• **Your goal**:
In the data below, repeat the line containing "Netanyahu kaže da neće podnijeti ostavku" and every following line exactly, up to and including the last line. Exclude pictures.

+===+

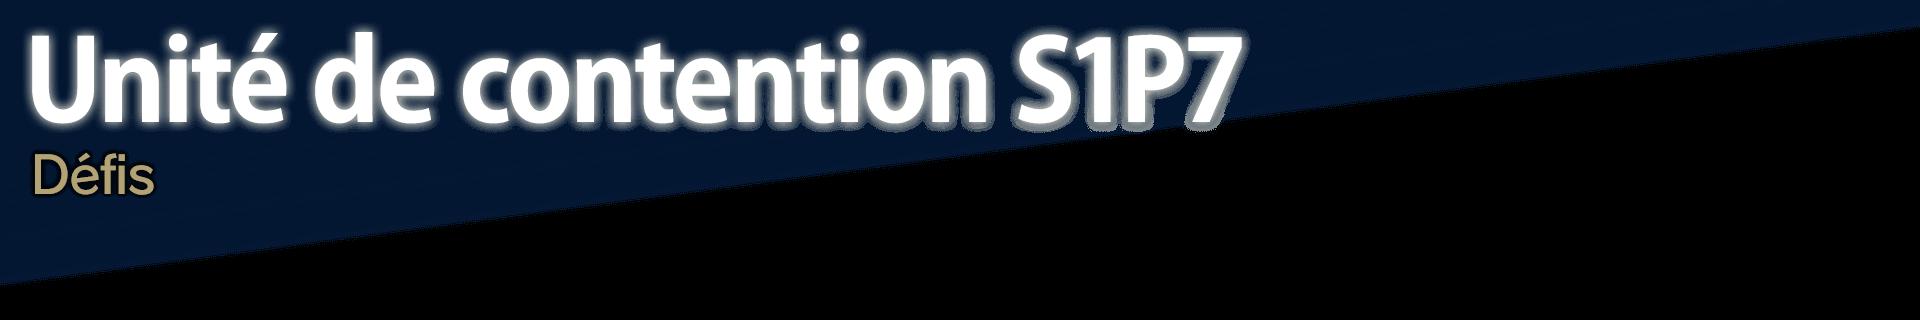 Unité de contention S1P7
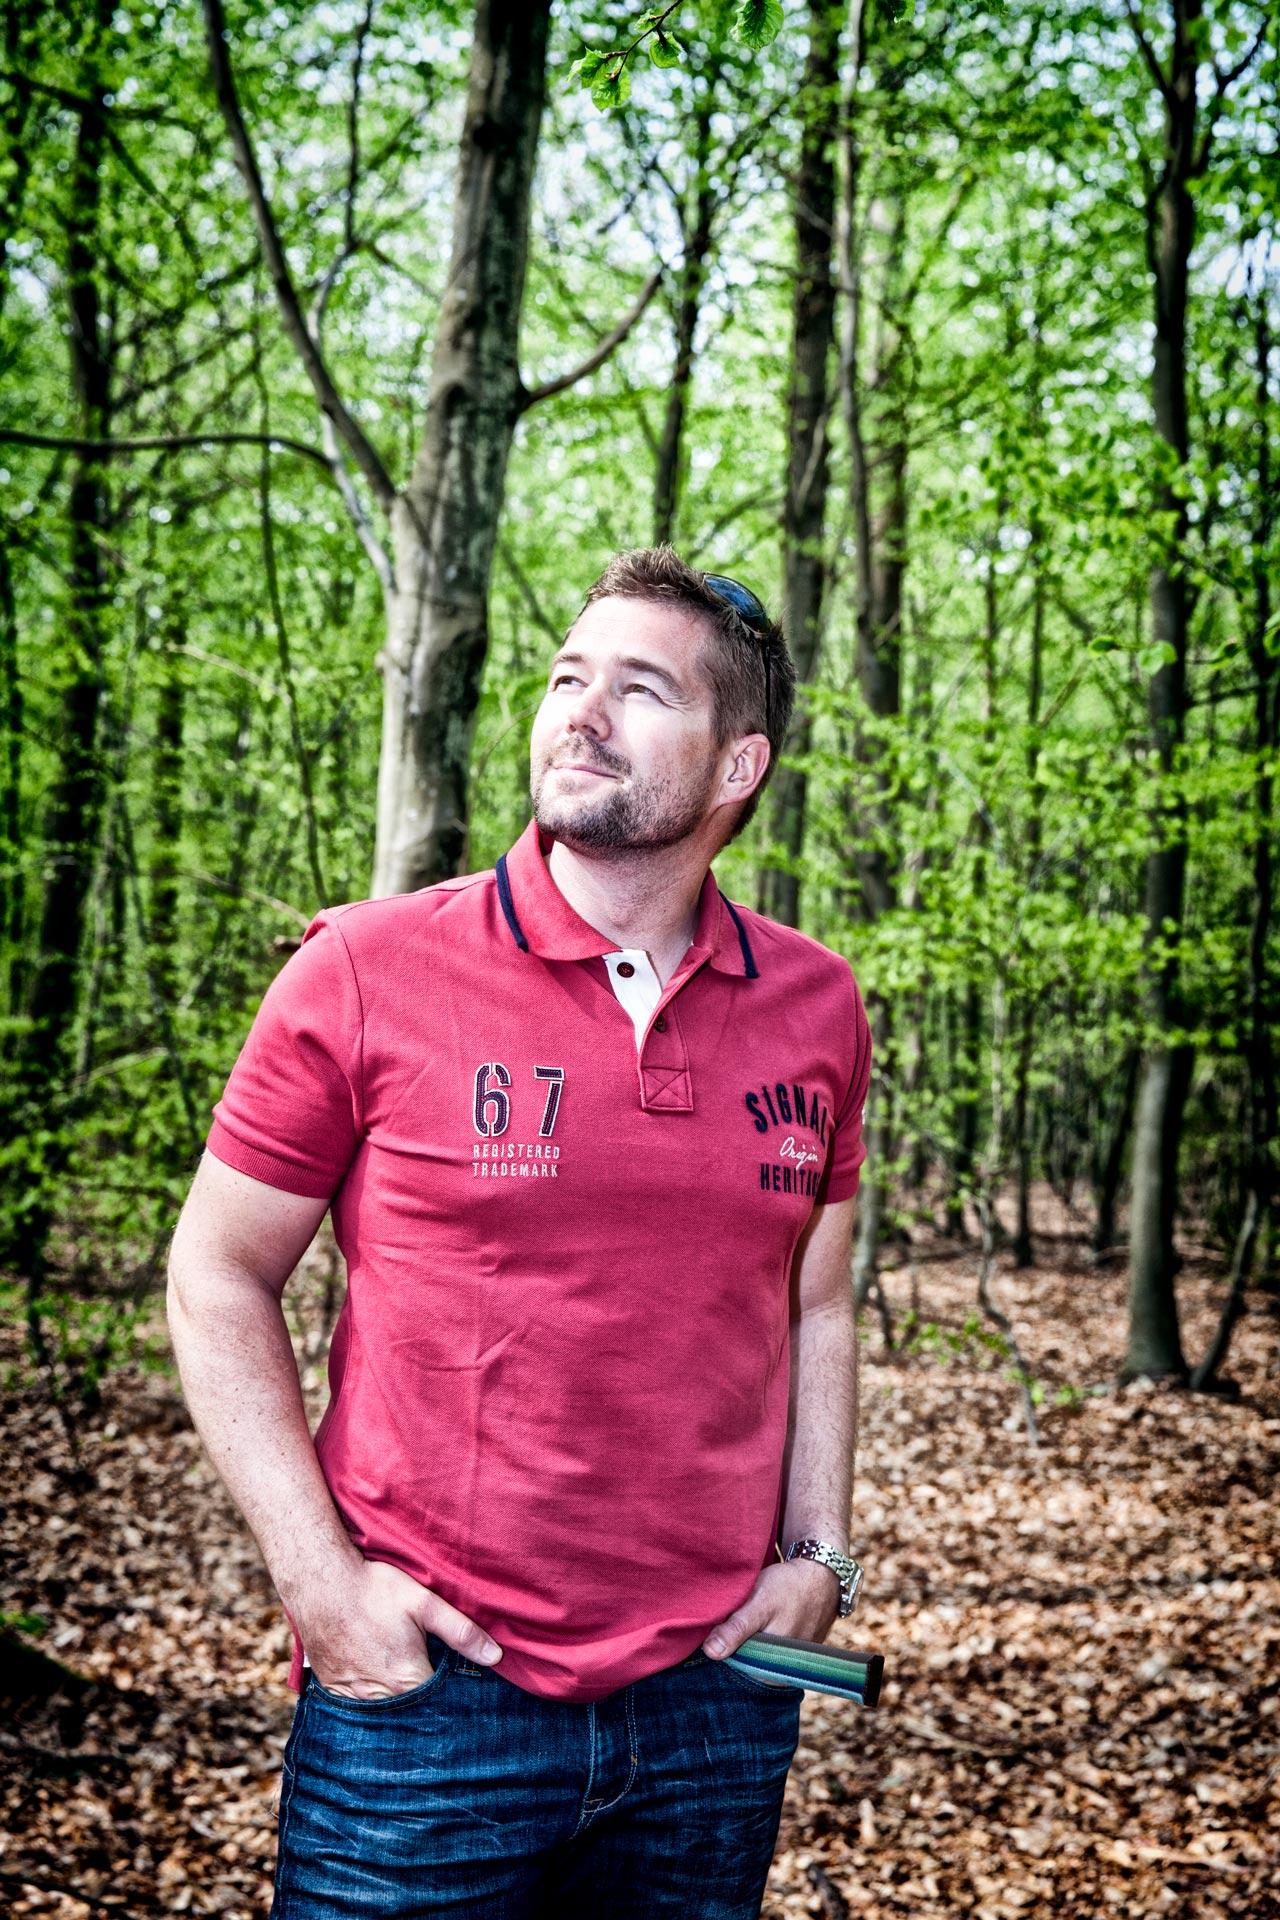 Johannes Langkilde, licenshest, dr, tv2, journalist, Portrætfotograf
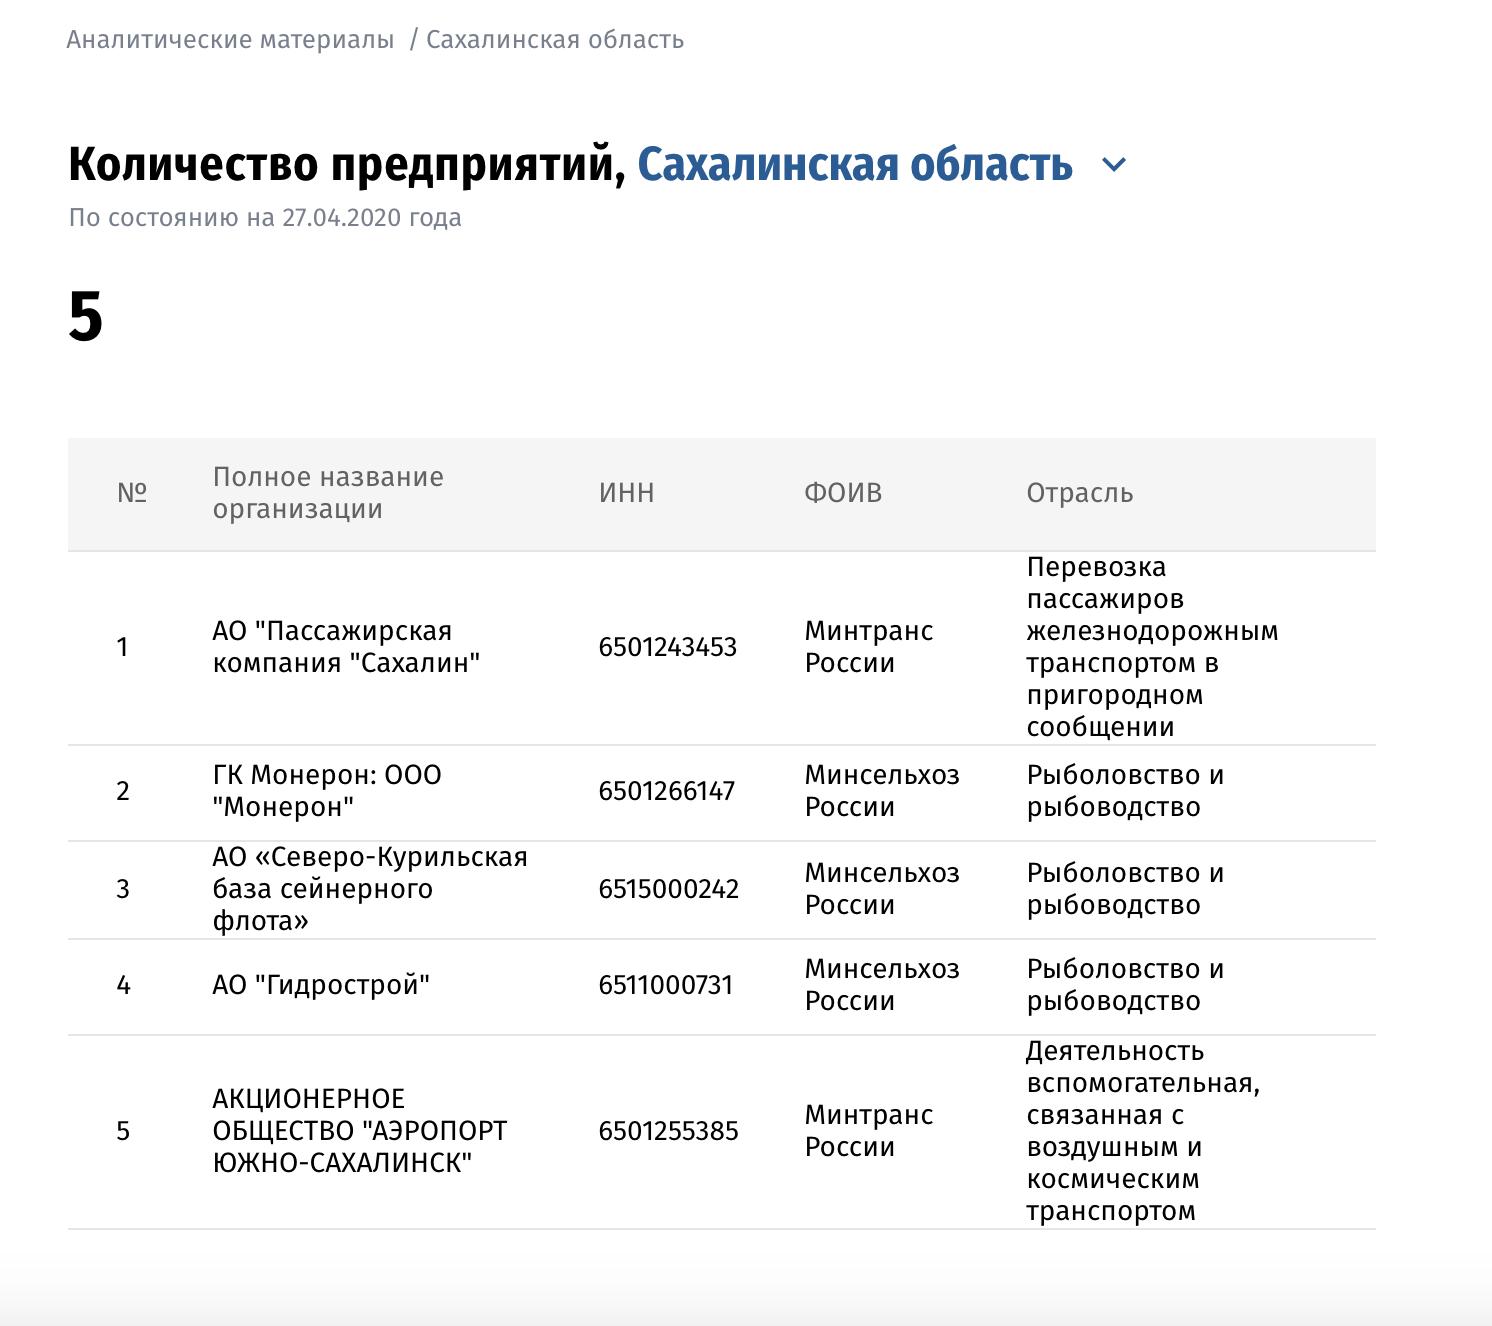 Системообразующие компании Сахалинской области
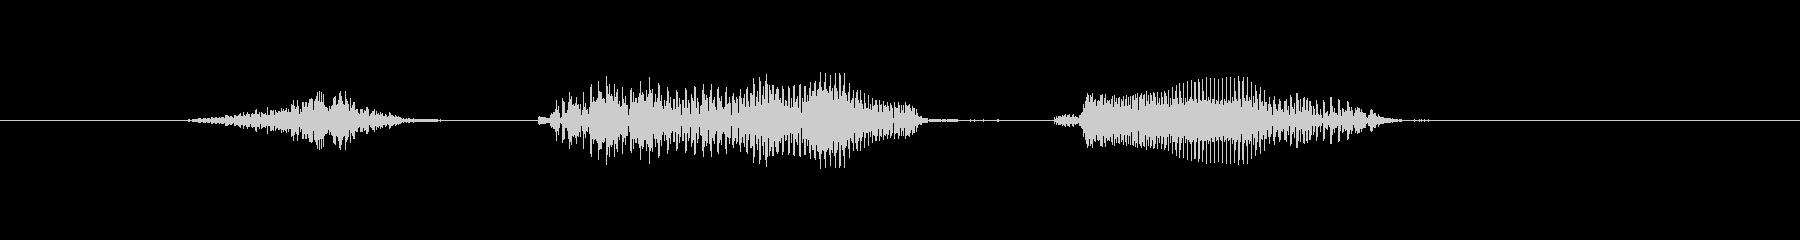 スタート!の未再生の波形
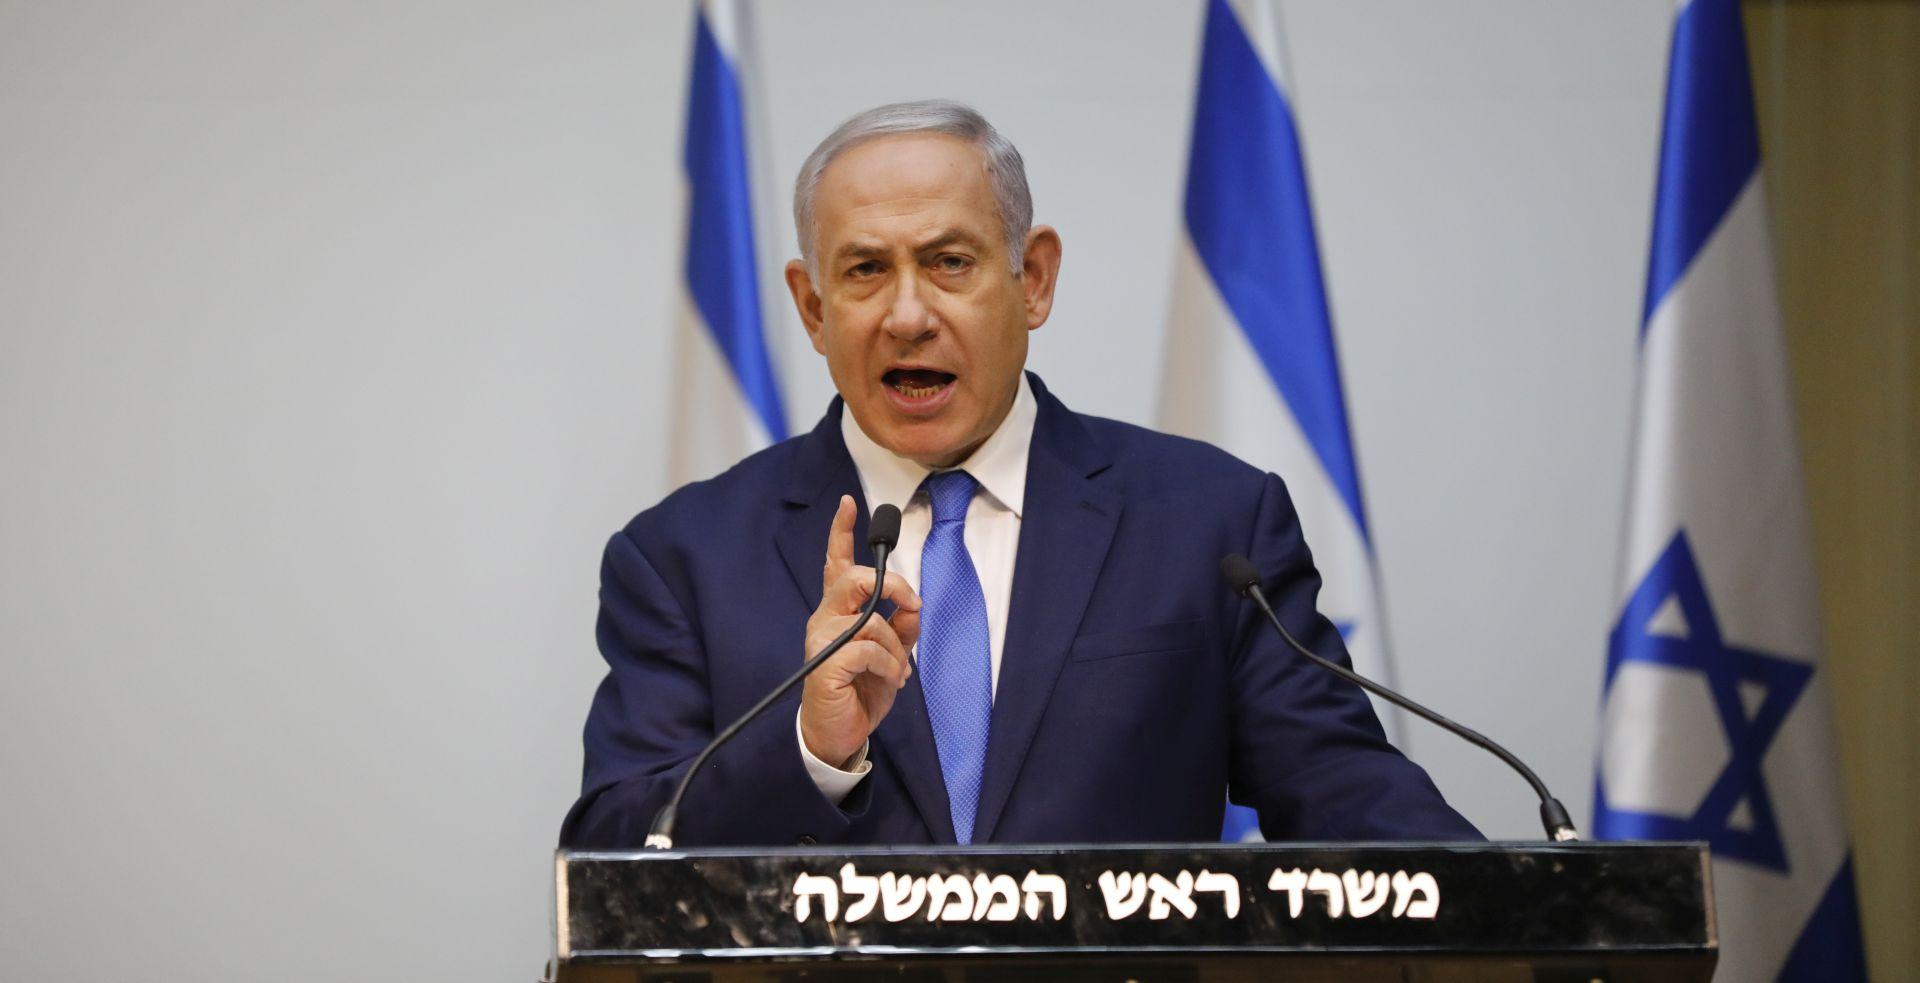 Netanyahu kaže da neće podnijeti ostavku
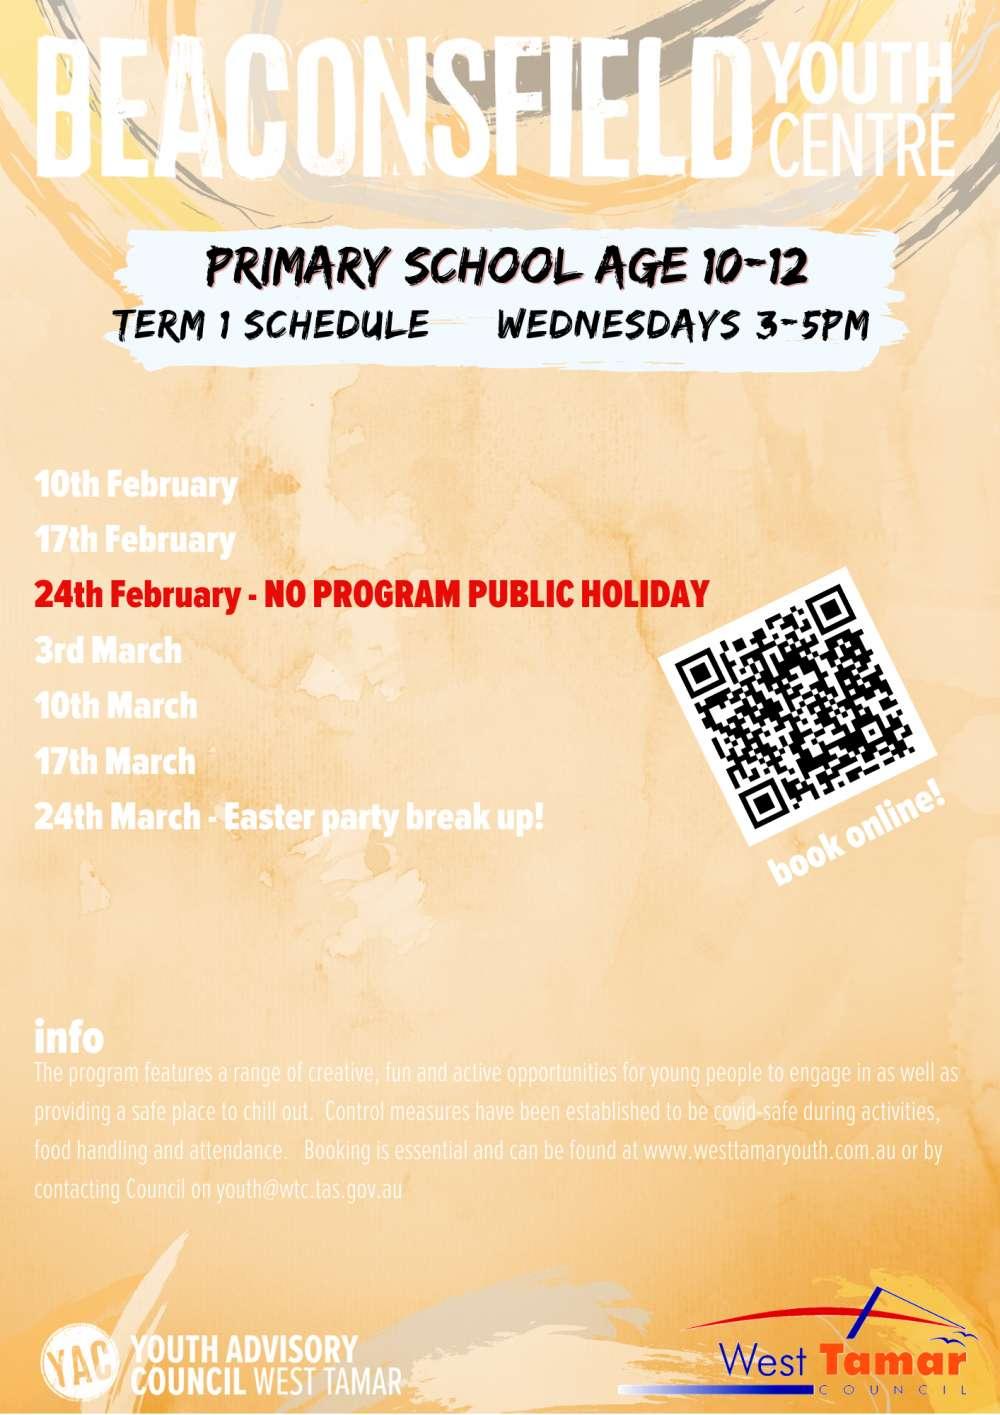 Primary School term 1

+===+

• **Solution to this exercise**:
 Netanyahu kaže da neće podnijeti ostavku
 Primary School term 1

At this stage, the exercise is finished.